Zika virus is primarily transmitted to people through the bite of an infected Aedes mosquito, which can also transmit chikungunya, dengue and yellow fever.

Zika virus can also be transmitted through sex and has been detected in semen, blood, urine, amniotic fluids, saliva as well as body fluids found in the brain and spinal cord.

Zika virus may present a risk to blood safety. People who have donated blood are encouraged to report to the blood transfusion service if they subsequently get symptoms of Zika virus infection, or if they are diagnosed with recent Zika virus infection within 14 days after blood donation.

The Aedes aegypti mosquito is considered the main vector of Zika virus transmission because it sustains most Zika virus outbreaks.
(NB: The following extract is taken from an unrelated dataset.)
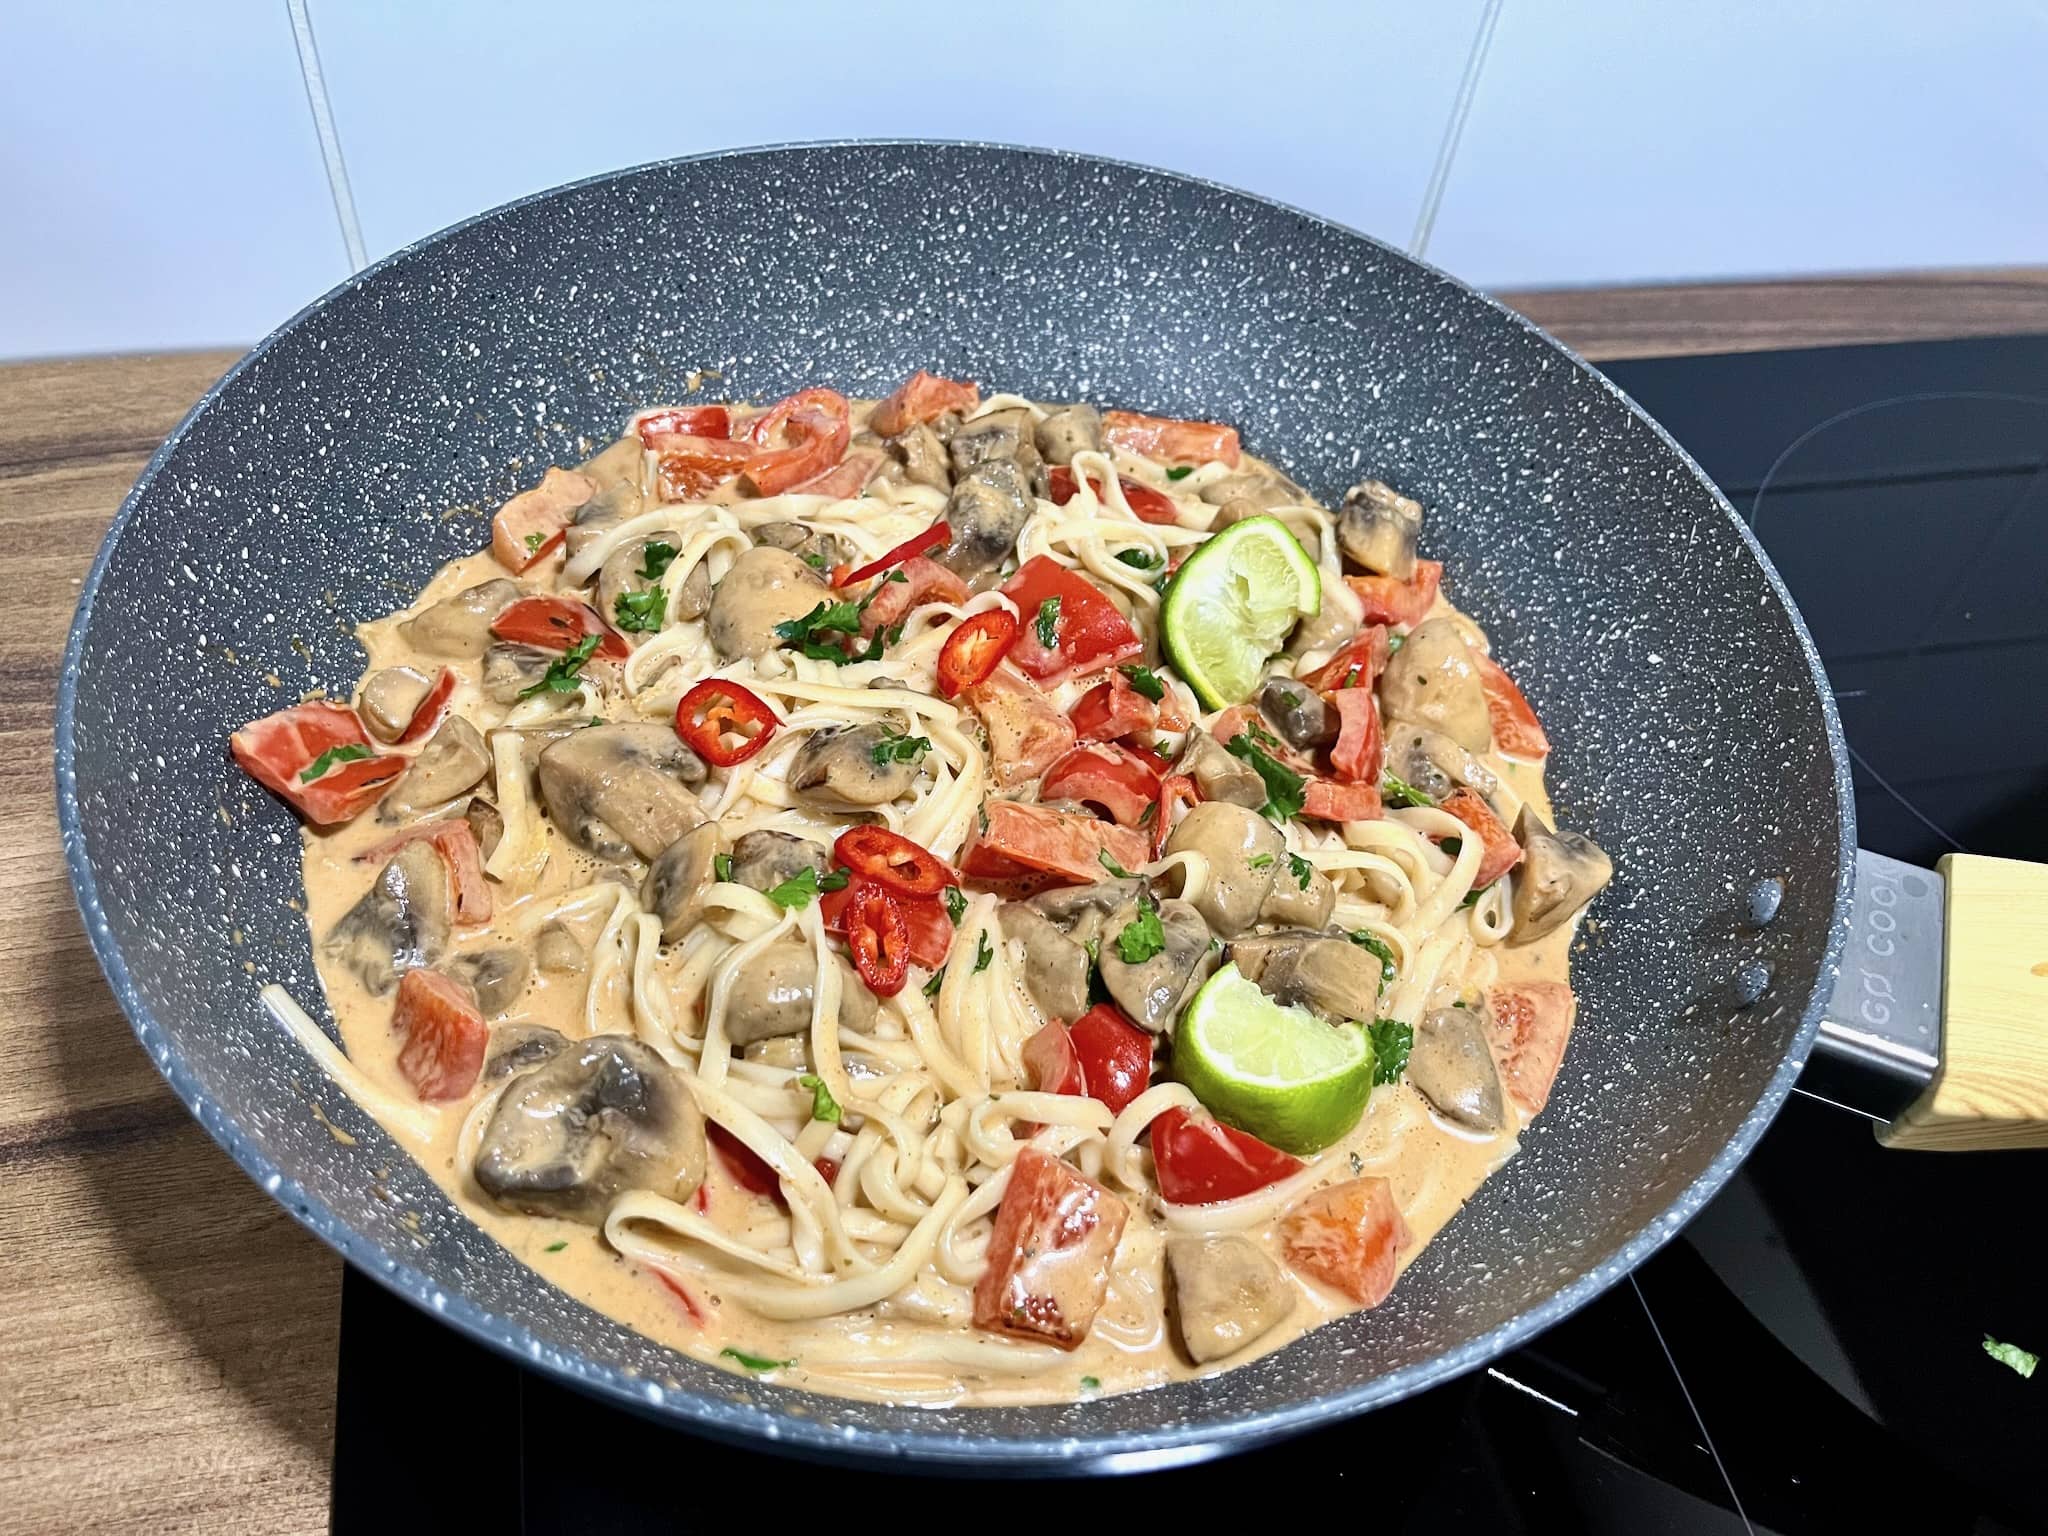 A pot of Veggie Thai Curry with Udon Noodles is ready to enjoy.

Zika virus may be imported by infected travellers into an area that may not have Zika virus transmission at that point of time. If those travellers are bitten by local Aedes aegypti mosquitoes the mosquitoes can transmit the virus to others, potentially setting off a cycle of transmission.

Zika virus and its complications such as microcephaly and Guillain-Barré syndrome represent a new type of public health threat with long-term consequences for families, communities and countries.

Microcephaly is a condition where a baby’s head is smaller than those of other babies of the same age and sex. Microcephaly happens when there is either a problem in utero, causing the baby’s brain to stop growing properly, or after birth when the head stops growing properly.

Children born with microcephaly often have developmental challenges as they grow older. In some cases, children with microcephaly develop entirely normally. Microcephaly can be caused by a variety of environmental and genetic factors such as Down syndrome; exposure to drugs, alcohol or other toxins in the womb; and rubella infection during pregnancy.

Guillain-Barré syndrome is a rare condition in which a person’s immune system attacks his or her nerves. People of all ages can be affected, but it is more common in adult men.

Categories in the Zika virus country classification scheme (WHO):

Category 1: Area with new introduction of Zika virus since 2015 or area where the virus has been re-introduced, with ongoing transmission.

Category 2: Area either with evidence of Zika virus circulation before 2015 or with transmission but the area does not satisfy the criteria for 1 or 3. Areas in category 2 may also experience an outbreak of Zika.

Category 3: Area with interrupted transmission but with potential for future transmission.

Category 4: Area with established Aedes aegypti mosquitoes but no known documented past or current transmission.